My friend plans to buy a 2 TB External HDD. What are the options for him?
Main purpose is to store personal photos , videos etc.
I was suggesting WD but not sure which exact model to go for?
Can someone please guide on the same?


----------



## DK_WD (Sep 16, 2015)

Hi  [MENTION=29208]ajayritik[/MENTION],

I would like to add a word to help in selection of external HDD. For your information, each WD product have different specification and different purpose of use.

The main difference between them is that WD My Passport and WD My Passport Ultra incorporates a hardware encryption, and WD Elements does not. 

Also, WD Elements comes without any software, whereas WD My Passport Ultra and WD My Passport has a lot of features with it.

For more information about WD External drives, you may visit the below link:

Support Answers 

Hope it helps


----------



## ajayritik (Sep 16, 2015)

DK_WD said:


> Hi  [MENTION=29208]ajayritik[/MENTION],
> 
> I would like to add a word to help in selection of external HDD. For your information, each WD product have different specification and different purpose of use.
> 
> ...



Can you give some basic difference and advantage of Ultra over the Elements.
Considering my purpose will it help?


----------



## SaiyanGoku (Sep 16, 2015)

Just get the cheapest WD drive with 3 years warranty. Don't get one which requires external power unless the price difference is significant.


----------



## DK_WD (Sep 16, 2015)

ajayritik said:


> Can you give some basic difference and advantage of Ultra over the Elements.
> Considering my purpose will it help?



Hi [MENTION=29208]ajayritik[/MENTION],

The main difference between them is that WD My Passport Ultra incorporates a hardware encryption, and WD Elements does not. 

Also, WD Elements comes without any software, whereas WD My Passport Ultra has a lot of features with it.

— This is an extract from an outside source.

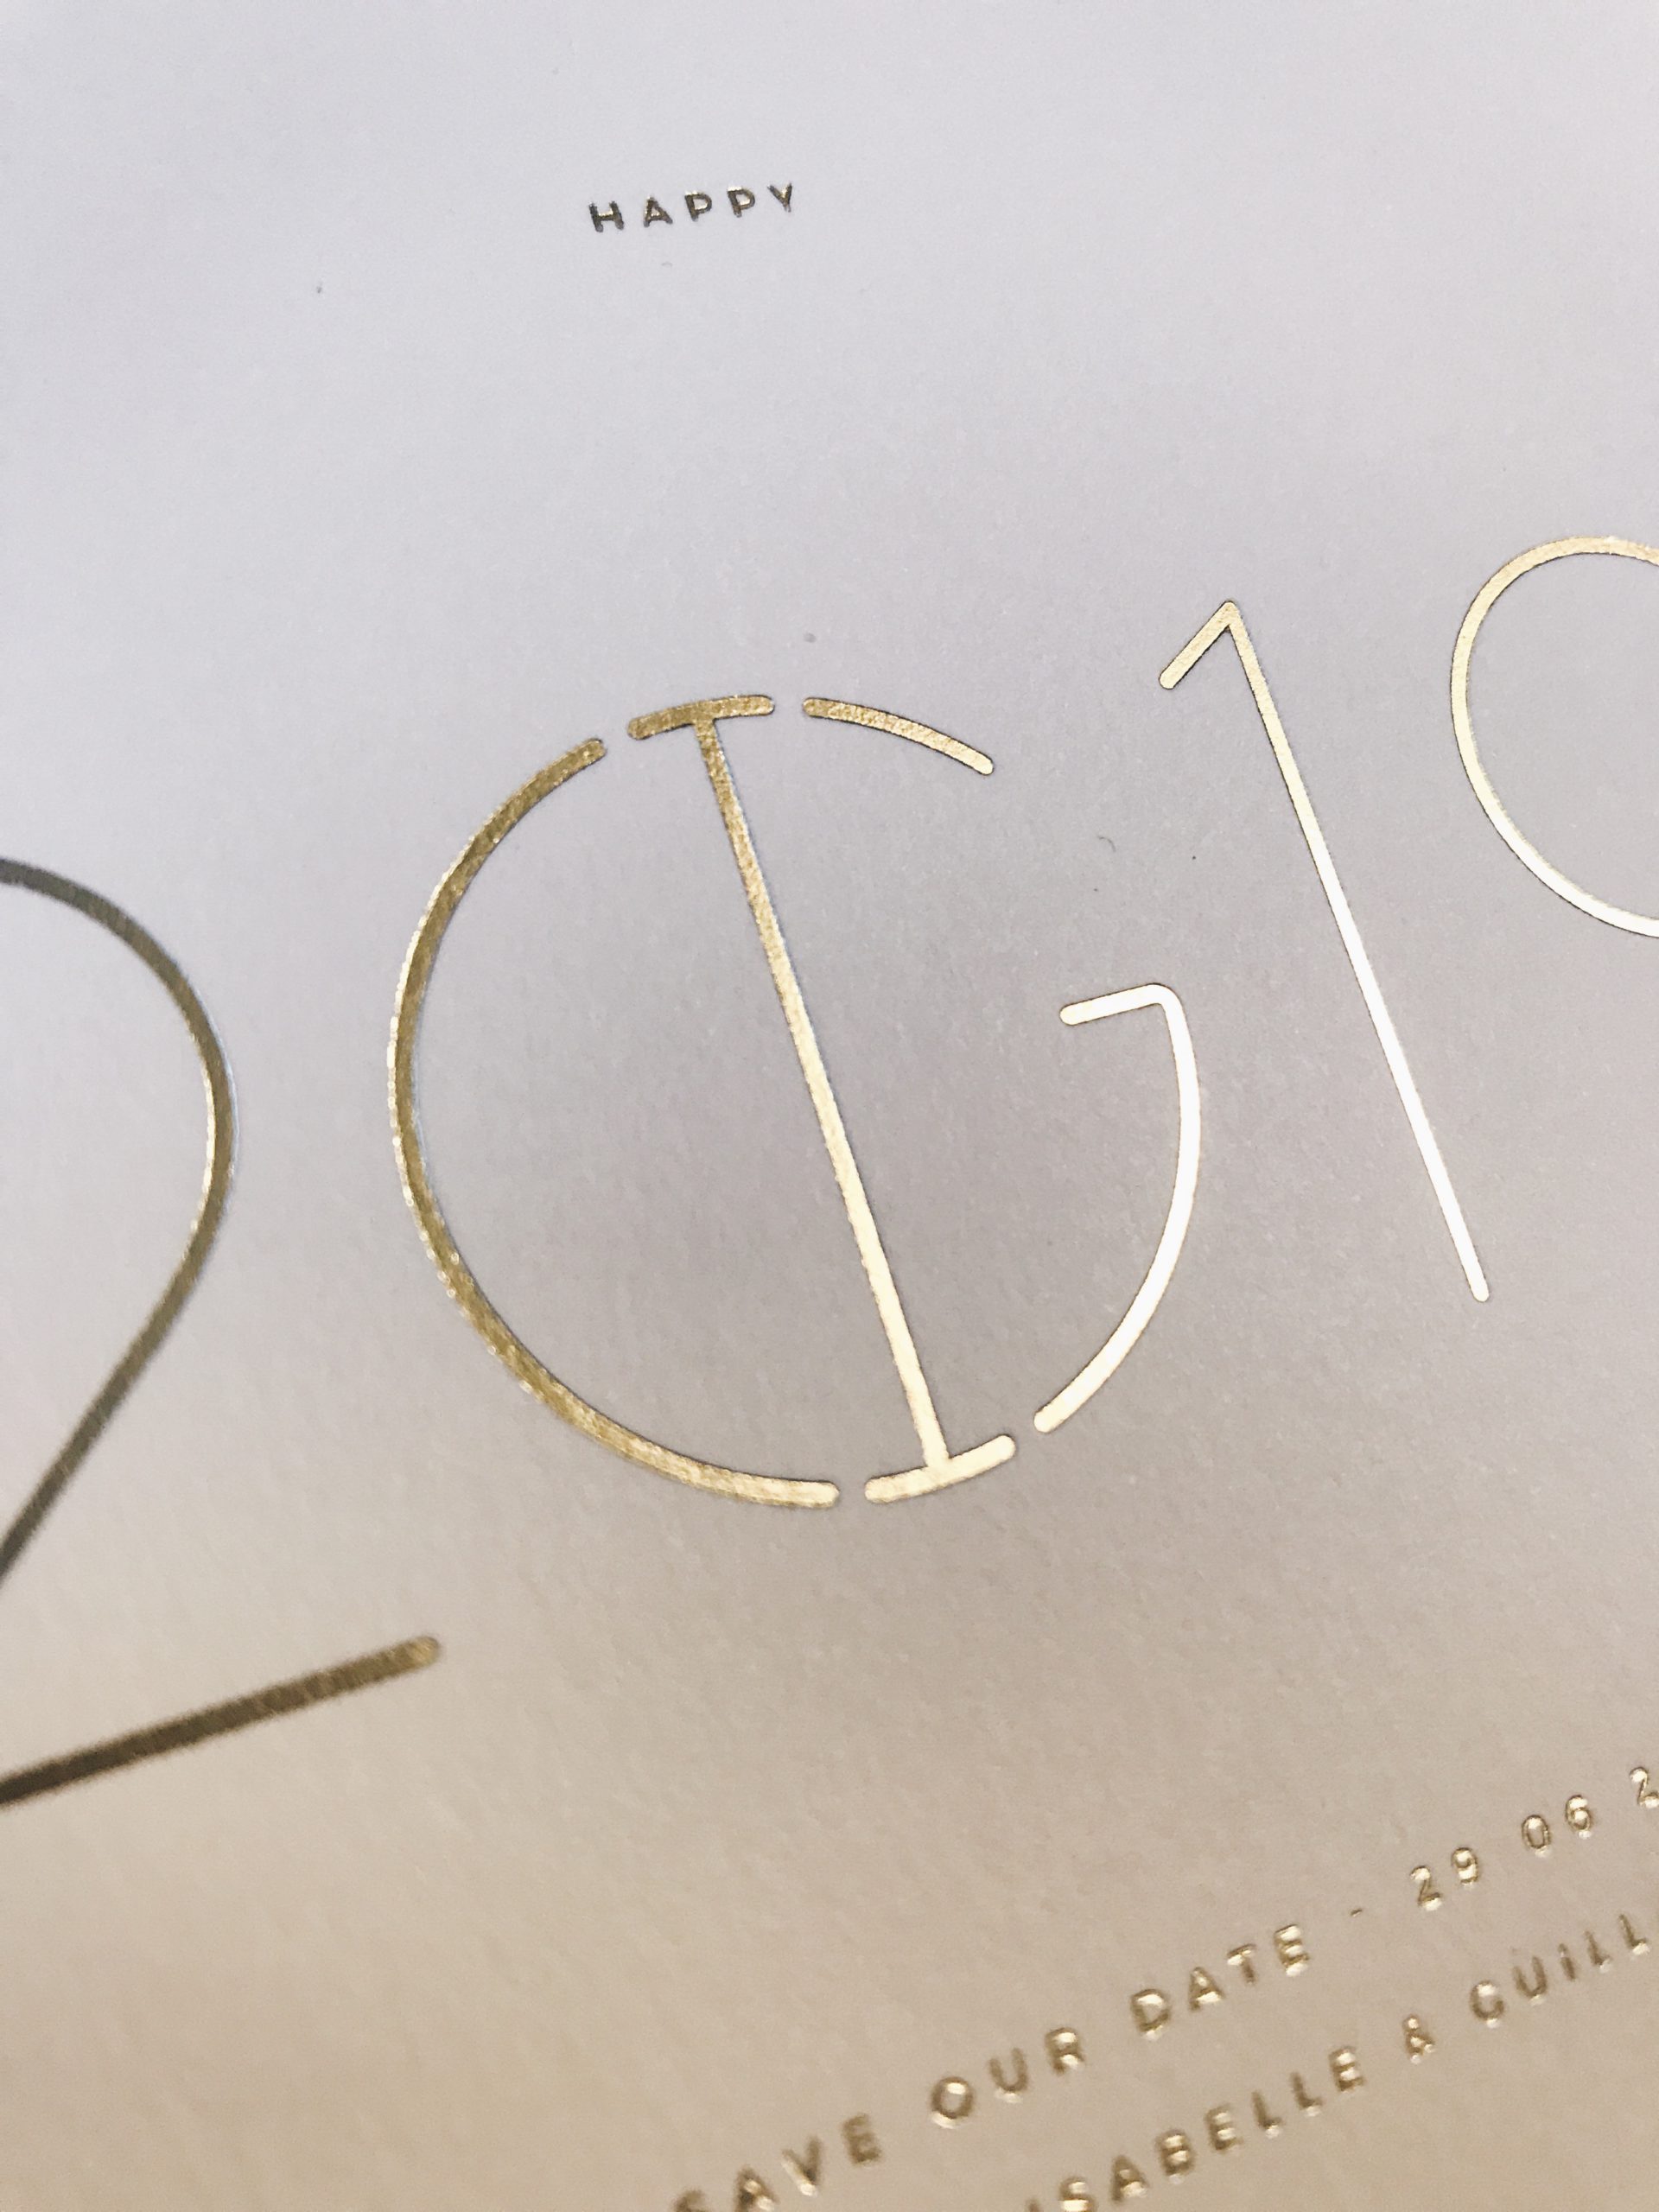 Huwelijksuitnodigingen wedding logo I&G letterpress goldfoil goudfolie foliedruk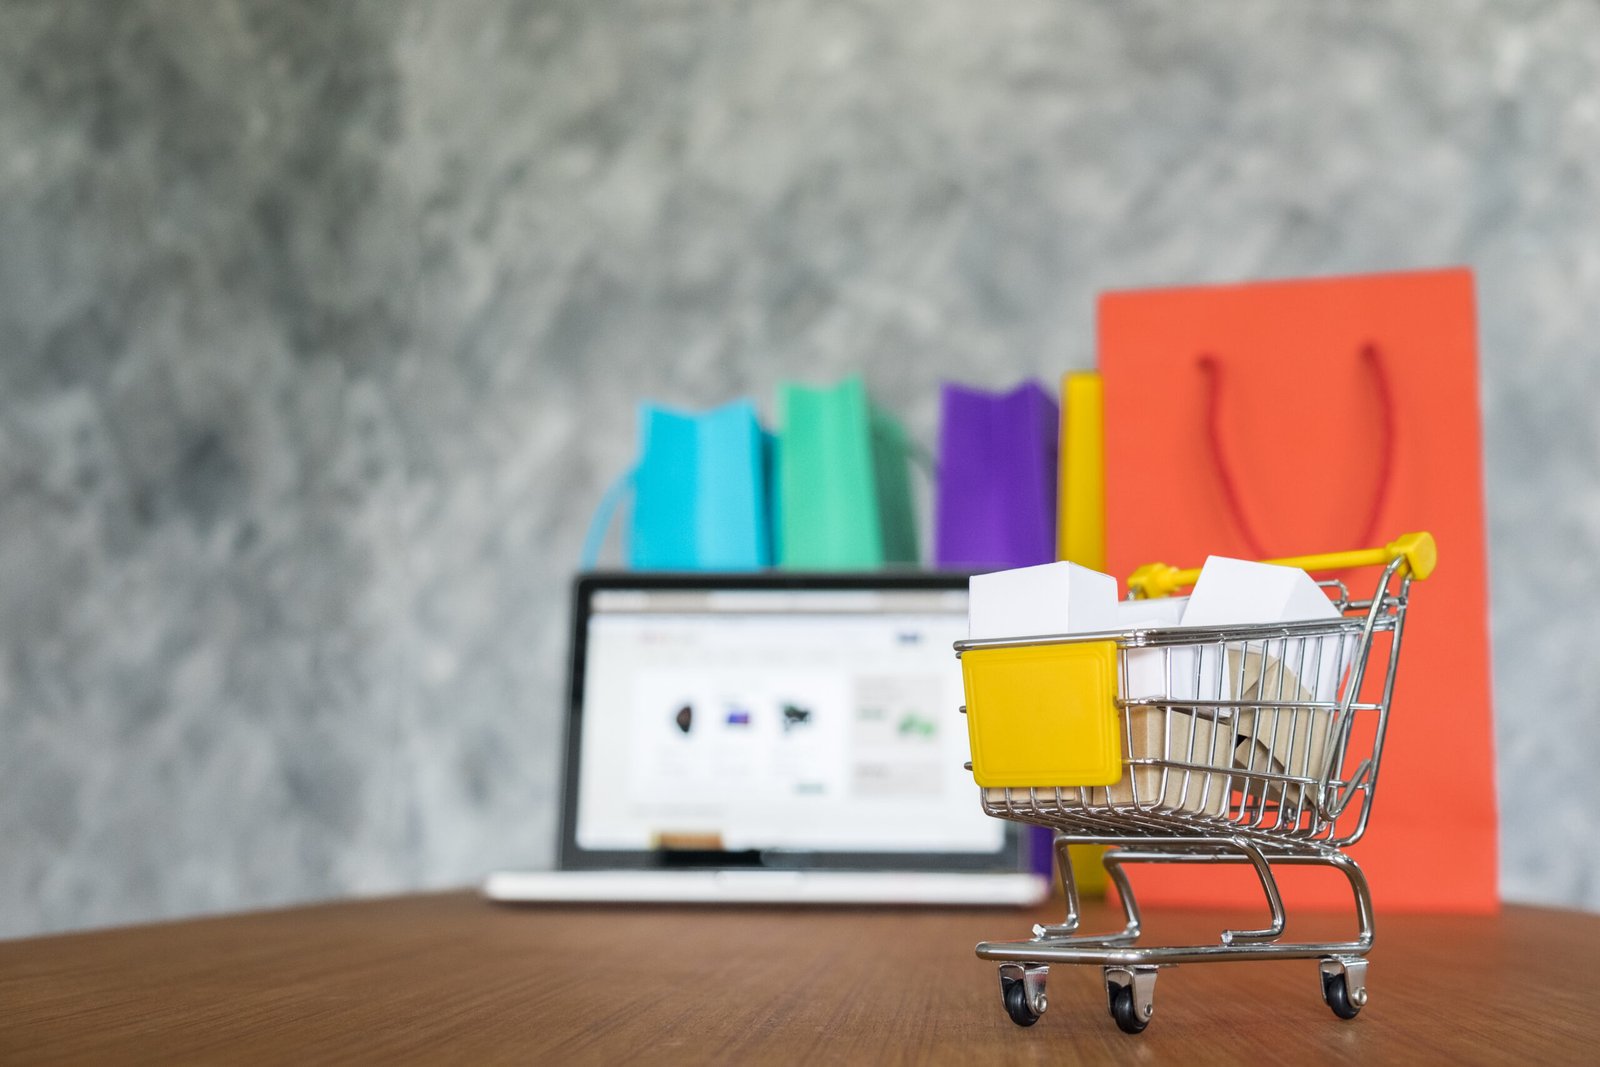 E-commerce Marketing Strategies

For more information about WD External drives, you may visit the below link:

Support Answers 

Just a suggestion, if you don't have the budget problem and looking for backup device, then WD My Passport Ultra is the way to go. It comes with the full version of the WD SmartWare Pro software. It's a pretty simple and straightforward backup software that uses minimal PC resources. Set it up once and you can forget about it 

Hope this information helps you


----------